What you should do >> Copy exactly the lines starting at the one that contains "Особенности работы и обзор кофеварки rowenta" and running through the end of the material below. Exclude any pictures.

Exercise data >>
──────────

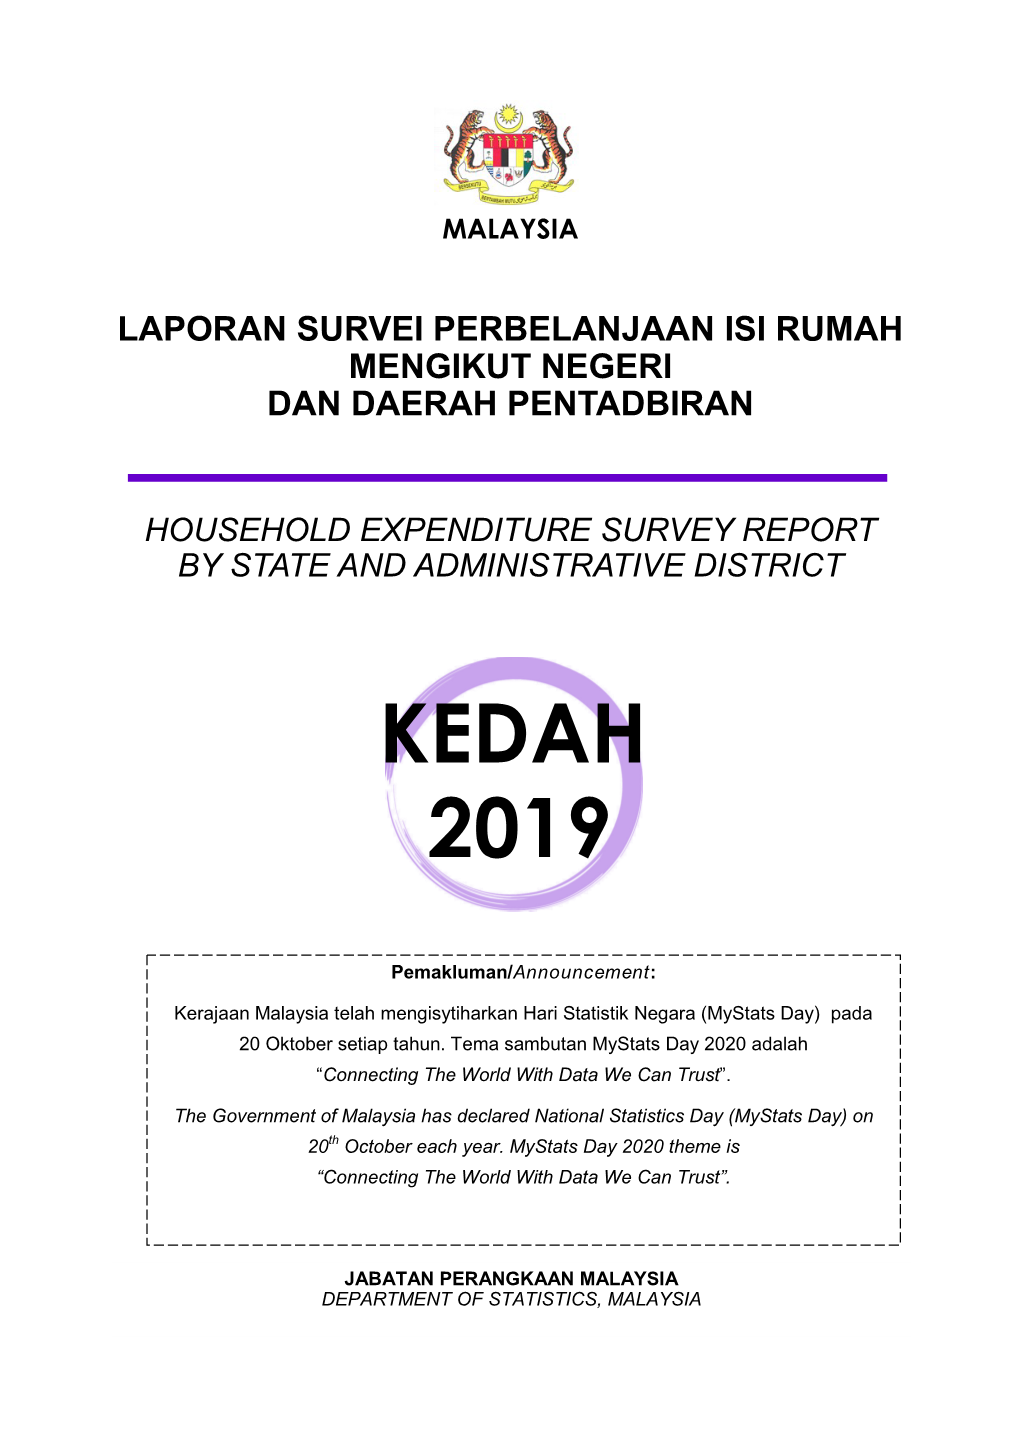 Household Expenditure 2019 Kedah
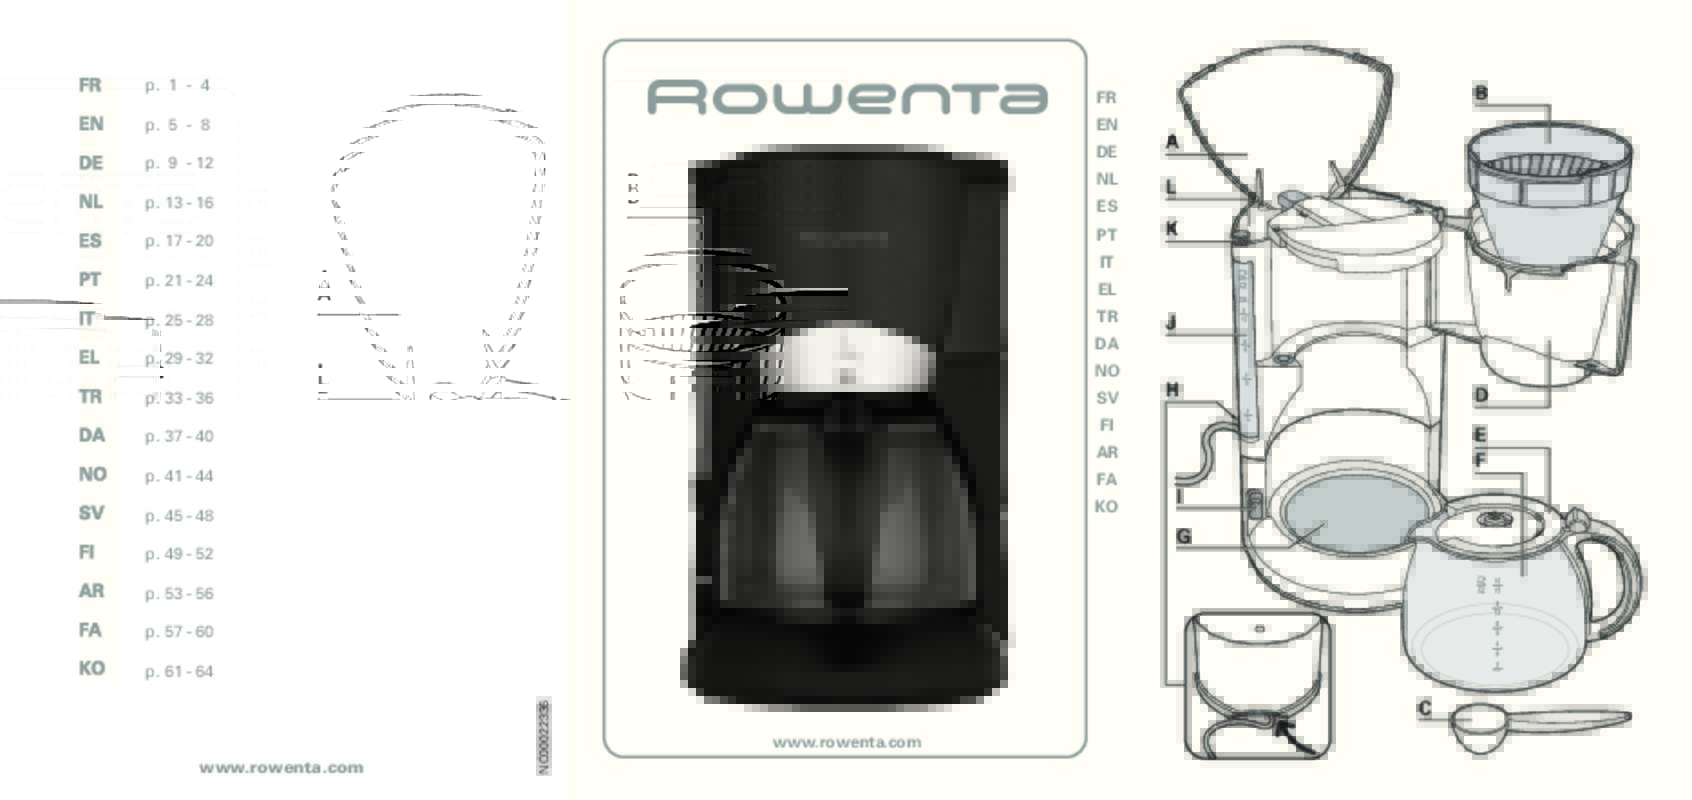 Особенности работы и обзор кофеварки rowenta
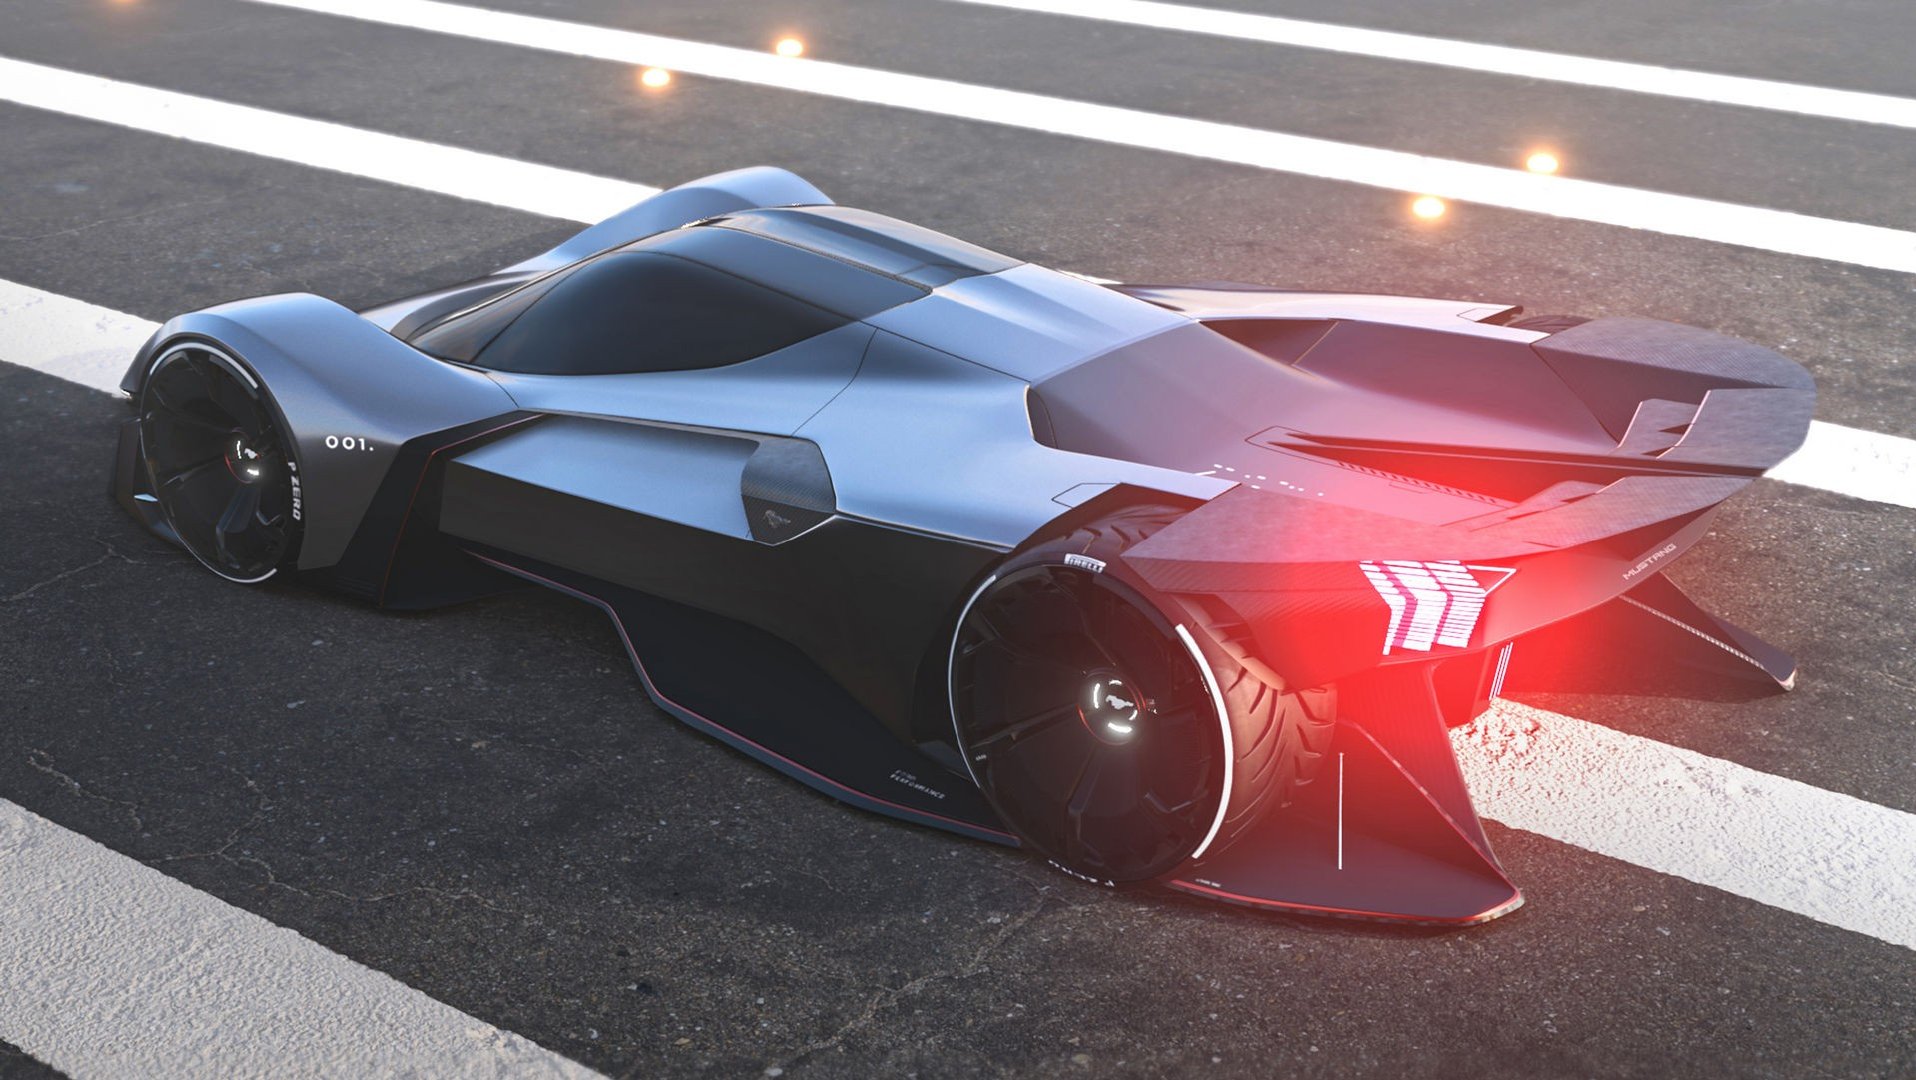 福特赞助的一个项目向我们展示了未来的野马超级跑车

──────────

Exercise solution >>
 Особенности работы и обзор кофеварки rowenta
 福特赞助的一个项目向我们展示了未来的野马超级跑车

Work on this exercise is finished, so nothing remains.